Pub Date : 2024-01-02DOI: 10.1093/gigascience/giae084
Lin Hong, Xin-Dong Xu, Lei Yang, Min Wang, Shuang Li, Haijian Yang, Si-Ying Ye, Ling-Ling Chen, Jia-Ming Song
Background: Sweet orange (Citrus sinensis Osbeck) is a fruit crop of high nutritional value that is widely consumed around the world. However, its susceptibility to low-temperature stress limits its cultivation and production in regions prone to frost damage, severely impacting the sustainable development of the sweet orange industry. Therefore, developing cold-resistant sweet orange varieties is of great necessity. Traditional hybrid breeding methods are not feasible due to the polyembryonic phenomenon in sweet oranges, necessitating the enhancement of its germplasm through molecular breeding. High-quality reference genomes are valuable for studying crop resistance to biotic and abiotic stresses. However, the lack of genomic resources for cold-resistant sweet orange varieties has hindered the progress in developing such varieties and researching their molecular mechanisms of cold resistance.

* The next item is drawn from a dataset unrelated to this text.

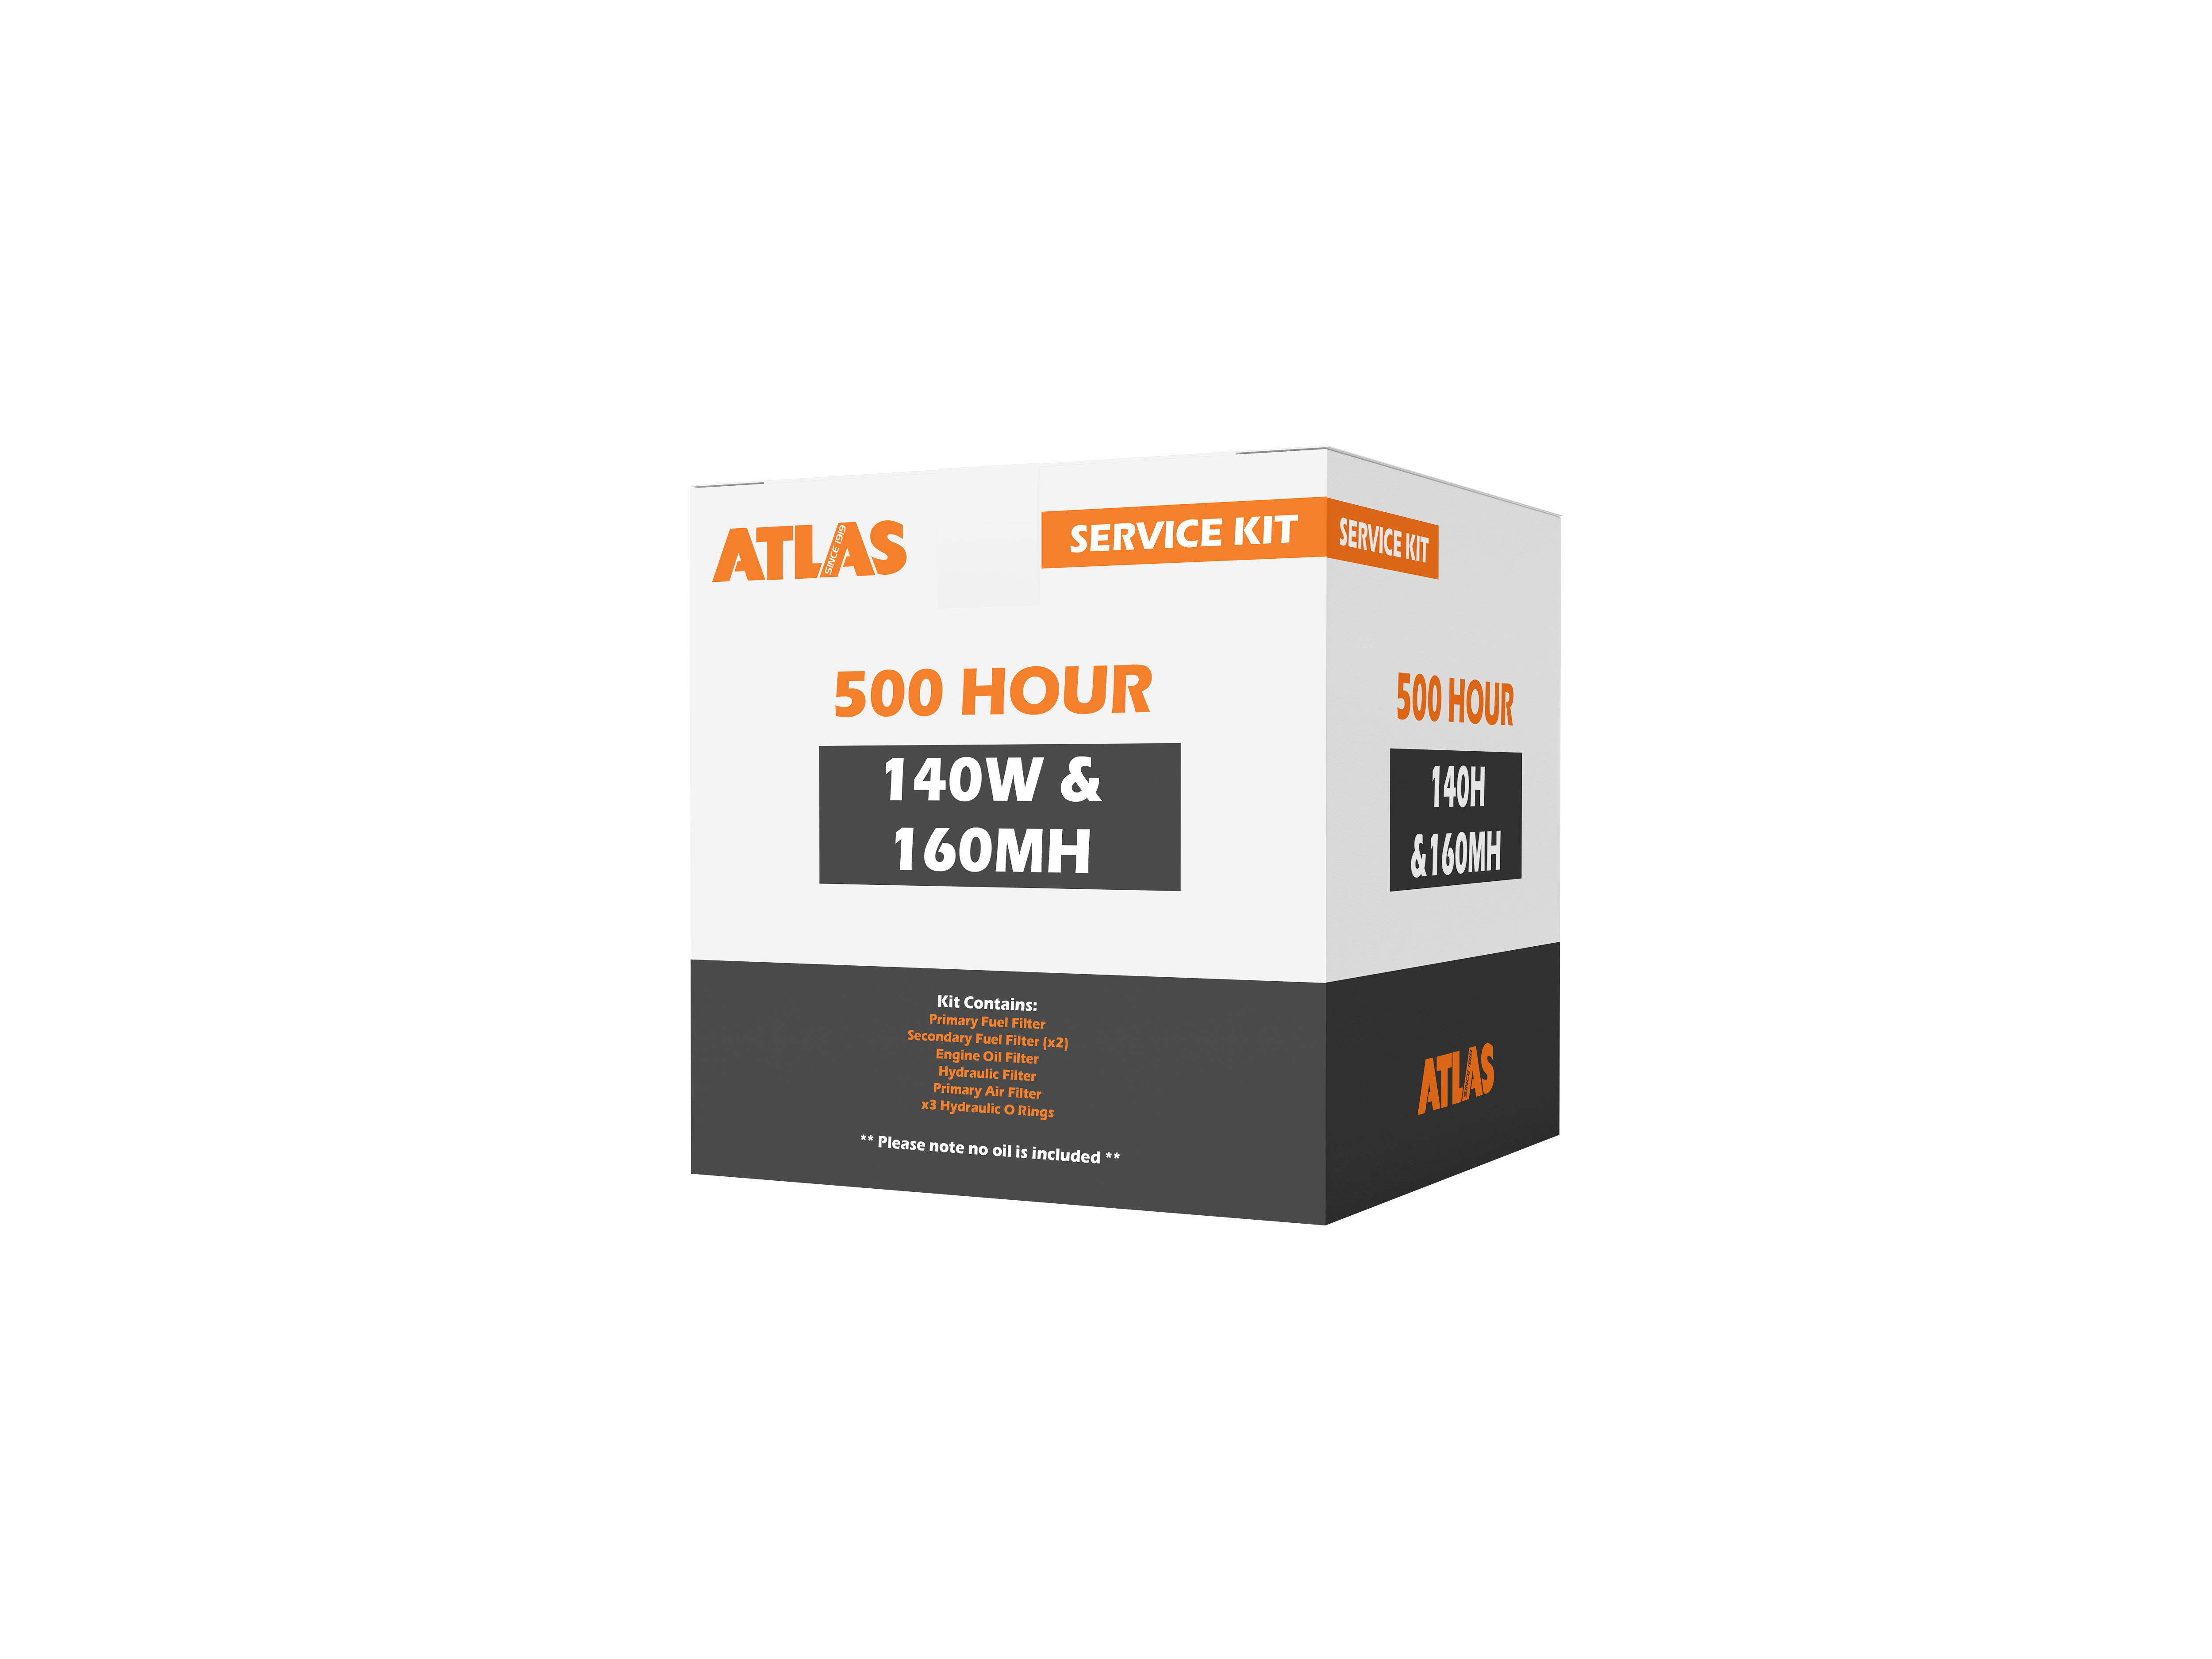 Atlas 140W & 160MH 500 Hour Service Kit

Findings: This study integrated PacBio HiFi, ONT, Hi-C, and Illumina sequencing data to assemble telomere-to-telomere (T2T) reference genomes for the cold-resistant sweet orange mutant "Longhuihong" (Citrus sinensis [L.] Osb. cv. LHH) and its wild-type counterpart "Newhall" (C. sinensis [L.] Osb. cv. Newhall). Comprehensive evaluations based on multiple criteria revealed that both genomes exhibit high continuity, completeness, and accuracy. The genome sizes were 340.28 Mb and 346.33 Mb, with contig N50 of 39.31 Mb and 36.77 Mb, respectively. In total, 31,456 and 30,021 gene models were annotated in the respective genomes. Leveraging these assembled genomes, comparative genomics analyses were performed, elucidating the evolutionary history of the sweet orange genome. Moreover, the study identified 2,886 structural variants between the 2 genomes, with several SVs located in the upstream, downstream, or intronic regions of homologous genes known to be associated with cold resistance.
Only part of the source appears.